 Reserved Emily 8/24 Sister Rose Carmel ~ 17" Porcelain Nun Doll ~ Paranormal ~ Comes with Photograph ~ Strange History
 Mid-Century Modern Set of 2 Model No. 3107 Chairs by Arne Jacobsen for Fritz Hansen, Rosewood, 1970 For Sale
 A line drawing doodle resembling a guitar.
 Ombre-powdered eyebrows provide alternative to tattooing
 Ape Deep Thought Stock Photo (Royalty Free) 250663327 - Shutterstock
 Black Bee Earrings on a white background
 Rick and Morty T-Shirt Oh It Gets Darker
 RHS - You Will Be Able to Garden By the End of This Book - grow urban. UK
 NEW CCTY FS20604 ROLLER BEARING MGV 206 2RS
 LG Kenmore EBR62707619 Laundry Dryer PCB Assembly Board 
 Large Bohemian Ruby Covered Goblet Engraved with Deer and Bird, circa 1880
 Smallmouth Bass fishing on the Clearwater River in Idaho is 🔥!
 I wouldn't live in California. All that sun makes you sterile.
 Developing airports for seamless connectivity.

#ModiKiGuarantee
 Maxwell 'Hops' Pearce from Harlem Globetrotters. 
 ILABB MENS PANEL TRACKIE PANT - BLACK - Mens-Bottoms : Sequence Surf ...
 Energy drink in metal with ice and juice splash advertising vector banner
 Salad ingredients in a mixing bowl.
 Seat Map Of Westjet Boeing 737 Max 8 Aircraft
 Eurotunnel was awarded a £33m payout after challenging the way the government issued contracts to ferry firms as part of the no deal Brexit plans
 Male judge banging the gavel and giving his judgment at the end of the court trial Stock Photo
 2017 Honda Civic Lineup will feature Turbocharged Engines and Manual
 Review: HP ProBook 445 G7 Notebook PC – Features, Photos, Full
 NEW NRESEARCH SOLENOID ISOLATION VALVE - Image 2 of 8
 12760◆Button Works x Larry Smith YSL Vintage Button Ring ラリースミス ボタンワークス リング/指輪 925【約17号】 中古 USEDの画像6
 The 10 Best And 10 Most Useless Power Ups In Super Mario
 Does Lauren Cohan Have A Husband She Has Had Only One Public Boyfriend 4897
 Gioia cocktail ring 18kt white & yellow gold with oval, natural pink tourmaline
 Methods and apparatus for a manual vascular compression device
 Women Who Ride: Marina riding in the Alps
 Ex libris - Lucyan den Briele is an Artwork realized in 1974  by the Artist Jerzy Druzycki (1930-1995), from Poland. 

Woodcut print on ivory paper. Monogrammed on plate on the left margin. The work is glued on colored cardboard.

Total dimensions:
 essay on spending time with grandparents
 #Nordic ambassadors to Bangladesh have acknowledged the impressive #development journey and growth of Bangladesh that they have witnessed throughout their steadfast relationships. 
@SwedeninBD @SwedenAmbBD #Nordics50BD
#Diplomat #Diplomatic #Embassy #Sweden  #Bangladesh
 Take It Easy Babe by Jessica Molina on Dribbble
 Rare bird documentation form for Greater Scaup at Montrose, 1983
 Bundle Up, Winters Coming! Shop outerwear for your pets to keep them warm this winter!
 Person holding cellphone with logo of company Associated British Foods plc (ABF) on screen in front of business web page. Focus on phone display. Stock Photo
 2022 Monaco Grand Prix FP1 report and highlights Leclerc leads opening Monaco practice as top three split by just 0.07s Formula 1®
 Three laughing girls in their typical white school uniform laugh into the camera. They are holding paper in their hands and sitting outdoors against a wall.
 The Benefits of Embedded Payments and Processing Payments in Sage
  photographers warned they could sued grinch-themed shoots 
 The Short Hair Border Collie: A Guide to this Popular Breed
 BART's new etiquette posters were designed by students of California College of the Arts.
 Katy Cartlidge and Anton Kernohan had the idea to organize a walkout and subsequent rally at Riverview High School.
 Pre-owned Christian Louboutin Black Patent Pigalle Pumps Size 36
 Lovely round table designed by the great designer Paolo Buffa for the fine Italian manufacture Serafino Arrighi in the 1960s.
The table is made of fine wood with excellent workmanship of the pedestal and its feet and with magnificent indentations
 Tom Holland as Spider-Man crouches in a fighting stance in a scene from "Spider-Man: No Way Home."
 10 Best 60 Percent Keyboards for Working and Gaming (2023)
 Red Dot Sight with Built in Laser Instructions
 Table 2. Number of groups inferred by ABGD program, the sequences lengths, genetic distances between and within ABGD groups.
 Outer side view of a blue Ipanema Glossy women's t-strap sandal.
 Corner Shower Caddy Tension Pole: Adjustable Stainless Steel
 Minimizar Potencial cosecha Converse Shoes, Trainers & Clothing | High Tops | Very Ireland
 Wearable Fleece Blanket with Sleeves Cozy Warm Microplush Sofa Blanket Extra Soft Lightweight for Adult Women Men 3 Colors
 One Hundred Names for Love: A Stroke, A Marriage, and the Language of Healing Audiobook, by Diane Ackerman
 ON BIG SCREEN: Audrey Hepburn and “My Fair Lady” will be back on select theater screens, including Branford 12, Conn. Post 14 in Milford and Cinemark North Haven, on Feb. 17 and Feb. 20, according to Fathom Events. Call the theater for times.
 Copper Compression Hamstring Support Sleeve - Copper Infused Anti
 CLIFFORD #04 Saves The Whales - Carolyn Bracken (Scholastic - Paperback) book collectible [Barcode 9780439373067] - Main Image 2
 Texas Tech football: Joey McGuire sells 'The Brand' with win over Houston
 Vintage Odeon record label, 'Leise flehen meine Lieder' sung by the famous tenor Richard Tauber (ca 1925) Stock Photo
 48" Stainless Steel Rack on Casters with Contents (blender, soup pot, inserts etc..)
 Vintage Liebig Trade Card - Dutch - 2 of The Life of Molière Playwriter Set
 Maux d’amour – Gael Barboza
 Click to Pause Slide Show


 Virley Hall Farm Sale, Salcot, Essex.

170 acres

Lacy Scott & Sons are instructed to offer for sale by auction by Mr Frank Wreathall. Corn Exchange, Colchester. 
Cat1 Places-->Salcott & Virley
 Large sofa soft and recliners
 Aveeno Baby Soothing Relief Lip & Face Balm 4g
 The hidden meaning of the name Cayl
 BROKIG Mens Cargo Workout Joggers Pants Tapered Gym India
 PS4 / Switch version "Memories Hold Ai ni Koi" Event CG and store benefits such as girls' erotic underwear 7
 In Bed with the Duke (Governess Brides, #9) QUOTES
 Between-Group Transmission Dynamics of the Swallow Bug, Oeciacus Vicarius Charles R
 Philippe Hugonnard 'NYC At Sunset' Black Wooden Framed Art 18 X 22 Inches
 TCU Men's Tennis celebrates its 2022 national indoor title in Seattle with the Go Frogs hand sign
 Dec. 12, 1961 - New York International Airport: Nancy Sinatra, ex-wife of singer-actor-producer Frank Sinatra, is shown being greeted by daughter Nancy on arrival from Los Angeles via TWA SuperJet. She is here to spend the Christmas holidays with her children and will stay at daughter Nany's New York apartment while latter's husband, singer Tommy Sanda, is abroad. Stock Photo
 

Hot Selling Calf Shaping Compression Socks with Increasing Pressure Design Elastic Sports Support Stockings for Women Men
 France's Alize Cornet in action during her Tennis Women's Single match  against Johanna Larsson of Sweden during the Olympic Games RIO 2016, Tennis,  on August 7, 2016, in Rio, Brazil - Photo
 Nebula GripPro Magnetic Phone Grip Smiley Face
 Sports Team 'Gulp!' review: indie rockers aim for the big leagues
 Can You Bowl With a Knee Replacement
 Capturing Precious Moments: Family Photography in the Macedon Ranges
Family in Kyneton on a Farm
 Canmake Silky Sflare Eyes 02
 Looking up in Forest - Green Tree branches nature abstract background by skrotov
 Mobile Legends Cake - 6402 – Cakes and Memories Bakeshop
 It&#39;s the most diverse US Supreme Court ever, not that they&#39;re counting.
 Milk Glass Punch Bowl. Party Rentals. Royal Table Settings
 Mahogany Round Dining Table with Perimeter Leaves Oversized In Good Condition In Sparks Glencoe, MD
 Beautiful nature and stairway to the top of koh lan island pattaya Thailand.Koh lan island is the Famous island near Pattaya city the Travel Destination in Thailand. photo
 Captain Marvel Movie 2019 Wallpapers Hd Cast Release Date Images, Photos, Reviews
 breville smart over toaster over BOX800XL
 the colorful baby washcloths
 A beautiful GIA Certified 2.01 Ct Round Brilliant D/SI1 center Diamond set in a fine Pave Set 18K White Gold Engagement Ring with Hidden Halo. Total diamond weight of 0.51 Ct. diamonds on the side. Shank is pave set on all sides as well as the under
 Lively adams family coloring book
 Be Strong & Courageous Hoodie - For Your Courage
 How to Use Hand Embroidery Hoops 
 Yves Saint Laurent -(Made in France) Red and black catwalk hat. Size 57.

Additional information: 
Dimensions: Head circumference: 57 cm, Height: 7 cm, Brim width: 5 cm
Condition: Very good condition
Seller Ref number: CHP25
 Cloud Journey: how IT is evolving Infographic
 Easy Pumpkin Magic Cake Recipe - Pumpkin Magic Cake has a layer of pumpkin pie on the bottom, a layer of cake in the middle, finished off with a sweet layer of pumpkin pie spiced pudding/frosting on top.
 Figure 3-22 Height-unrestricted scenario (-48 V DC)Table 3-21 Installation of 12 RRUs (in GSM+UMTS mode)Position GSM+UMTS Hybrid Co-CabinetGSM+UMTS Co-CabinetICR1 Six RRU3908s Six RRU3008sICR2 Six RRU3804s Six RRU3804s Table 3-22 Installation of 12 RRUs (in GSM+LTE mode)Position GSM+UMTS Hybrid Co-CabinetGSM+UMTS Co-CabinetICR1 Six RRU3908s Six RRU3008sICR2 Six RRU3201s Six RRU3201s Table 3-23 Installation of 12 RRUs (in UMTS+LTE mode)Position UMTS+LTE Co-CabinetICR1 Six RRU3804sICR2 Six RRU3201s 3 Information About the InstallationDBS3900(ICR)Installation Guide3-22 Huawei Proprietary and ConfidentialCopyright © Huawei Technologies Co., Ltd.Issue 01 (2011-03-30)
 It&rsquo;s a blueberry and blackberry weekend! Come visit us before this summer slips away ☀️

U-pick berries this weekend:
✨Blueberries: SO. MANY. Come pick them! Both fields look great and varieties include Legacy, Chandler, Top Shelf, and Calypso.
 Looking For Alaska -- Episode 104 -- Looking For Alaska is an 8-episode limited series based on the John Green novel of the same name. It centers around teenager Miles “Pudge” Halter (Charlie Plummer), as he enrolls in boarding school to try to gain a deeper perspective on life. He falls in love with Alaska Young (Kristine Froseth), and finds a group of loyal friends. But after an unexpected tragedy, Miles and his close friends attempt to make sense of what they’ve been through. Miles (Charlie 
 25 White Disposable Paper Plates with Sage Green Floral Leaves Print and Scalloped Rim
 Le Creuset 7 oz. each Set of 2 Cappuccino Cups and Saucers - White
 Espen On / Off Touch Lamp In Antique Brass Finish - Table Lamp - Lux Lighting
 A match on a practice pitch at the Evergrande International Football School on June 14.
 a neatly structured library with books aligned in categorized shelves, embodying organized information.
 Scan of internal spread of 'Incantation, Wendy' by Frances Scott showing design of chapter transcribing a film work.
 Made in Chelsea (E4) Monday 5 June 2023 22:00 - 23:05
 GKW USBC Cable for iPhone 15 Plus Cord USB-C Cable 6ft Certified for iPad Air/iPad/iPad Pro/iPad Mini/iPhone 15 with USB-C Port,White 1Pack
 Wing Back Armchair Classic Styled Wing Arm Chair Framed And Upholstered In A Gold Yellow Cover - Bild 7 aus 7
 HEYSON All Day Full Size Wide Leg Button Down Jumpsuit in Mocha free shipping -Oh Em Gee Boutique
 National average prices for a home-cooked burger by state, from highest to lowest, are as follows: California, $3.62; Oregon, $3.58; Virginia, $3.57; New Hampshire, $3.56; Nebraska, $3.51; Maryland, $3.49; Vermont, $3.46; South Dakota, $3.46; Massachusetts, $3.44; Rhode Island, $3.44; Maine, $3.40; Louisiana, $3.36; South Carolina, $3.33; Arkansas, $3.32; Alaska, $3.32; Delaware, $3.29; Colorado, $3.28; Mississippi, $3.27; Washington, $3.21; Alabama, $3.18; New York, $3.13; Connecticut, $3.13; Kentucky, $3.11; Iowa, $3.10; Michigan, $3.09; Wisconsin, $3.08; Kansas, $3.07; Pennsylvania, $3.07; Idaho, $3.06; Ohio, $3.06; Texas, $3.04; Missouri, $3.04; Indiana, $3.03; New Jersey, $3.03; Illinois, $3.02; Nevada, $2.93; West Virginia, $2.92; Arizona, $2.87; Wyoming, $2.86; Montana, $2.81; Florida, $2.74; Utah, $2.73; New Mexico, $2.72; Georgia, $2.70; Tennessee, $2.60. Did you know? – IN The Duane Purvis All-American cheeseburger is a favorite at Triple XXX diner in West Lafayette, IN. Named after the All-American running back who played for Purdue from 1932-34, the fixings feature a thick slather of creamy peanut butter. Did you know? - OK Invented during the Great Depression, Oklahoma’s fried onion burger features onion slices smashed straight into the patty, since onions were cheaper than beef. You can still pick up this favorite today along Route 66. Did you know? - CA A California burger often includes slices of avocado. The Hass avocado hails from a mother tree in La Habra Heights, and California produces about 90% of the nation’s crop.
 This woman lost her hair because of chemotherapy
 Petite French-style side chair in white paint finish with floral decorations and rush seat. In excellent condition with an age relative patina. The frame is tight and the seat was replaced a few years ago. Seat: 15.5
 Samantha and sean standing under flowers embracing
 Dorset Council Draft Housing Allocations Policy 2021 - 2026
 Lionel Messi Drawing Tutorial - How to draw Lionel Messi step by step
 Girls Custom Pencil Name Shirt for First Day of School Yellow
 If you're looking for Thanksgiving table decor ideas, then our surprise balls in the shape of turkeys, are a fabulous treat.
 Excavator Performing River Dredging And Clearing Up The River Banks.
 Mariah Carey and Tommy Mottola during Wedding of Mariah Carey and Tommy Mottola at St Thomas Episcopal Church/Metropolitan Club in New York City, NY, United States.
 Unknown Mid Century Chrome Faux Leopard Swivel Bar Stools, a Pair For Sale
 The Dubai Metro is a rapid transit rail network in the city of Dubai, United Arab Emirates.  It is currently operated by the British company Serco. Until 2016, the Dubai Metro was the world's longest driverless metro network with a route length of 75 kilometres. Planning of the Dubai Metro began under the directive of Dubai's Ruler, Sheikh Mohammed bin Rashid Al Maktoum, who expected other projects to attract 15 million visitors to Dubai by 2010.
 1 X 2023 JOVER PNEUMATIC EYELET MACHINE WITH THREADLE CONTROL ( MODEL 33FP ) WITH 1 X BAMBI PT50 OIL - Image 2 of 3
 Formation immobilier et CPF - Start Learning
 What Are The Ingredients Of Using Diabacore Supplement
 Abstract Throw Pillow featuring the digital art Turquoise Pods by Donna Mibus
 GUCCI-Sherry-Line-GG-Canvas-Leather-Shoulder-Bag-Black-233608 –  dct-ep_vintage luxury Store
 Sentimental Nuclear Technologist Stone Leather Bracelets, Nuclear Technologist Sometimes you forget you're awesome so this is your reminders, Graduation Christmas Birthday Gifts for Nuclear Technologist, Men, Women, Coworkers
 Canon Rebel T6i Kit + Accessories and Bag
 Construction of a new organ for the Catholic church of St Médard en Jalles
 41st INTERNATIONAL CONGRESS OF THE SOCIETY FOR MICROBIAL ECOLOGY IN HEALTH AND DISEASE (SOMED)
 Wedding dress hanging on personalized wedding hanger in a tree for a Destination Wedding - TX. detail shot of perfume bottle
··········
* **WHAT YOU ARE ASKED TO DO**
Retype, in the same exact form, the lines of the material above from the line holding "1 X 2023 JOVER" through the line holding "Abstract Throw Pillow".

* **SOLUTION**
 1 X 2023 JOVER PNEUMATIC EYELET MACHINE WITH THREADLE CONTROL ( MODEL 33FP ) WITH 1 X BAMBI PT50 OIL - Image 2 of 3
 Formation immobilier et CPF - Start Learning
 What Are The Ingredients Of Using Diabacore Supplement
 Abstract Throw Pillow featuring the digital art Turquoise Pods by Donna Mibus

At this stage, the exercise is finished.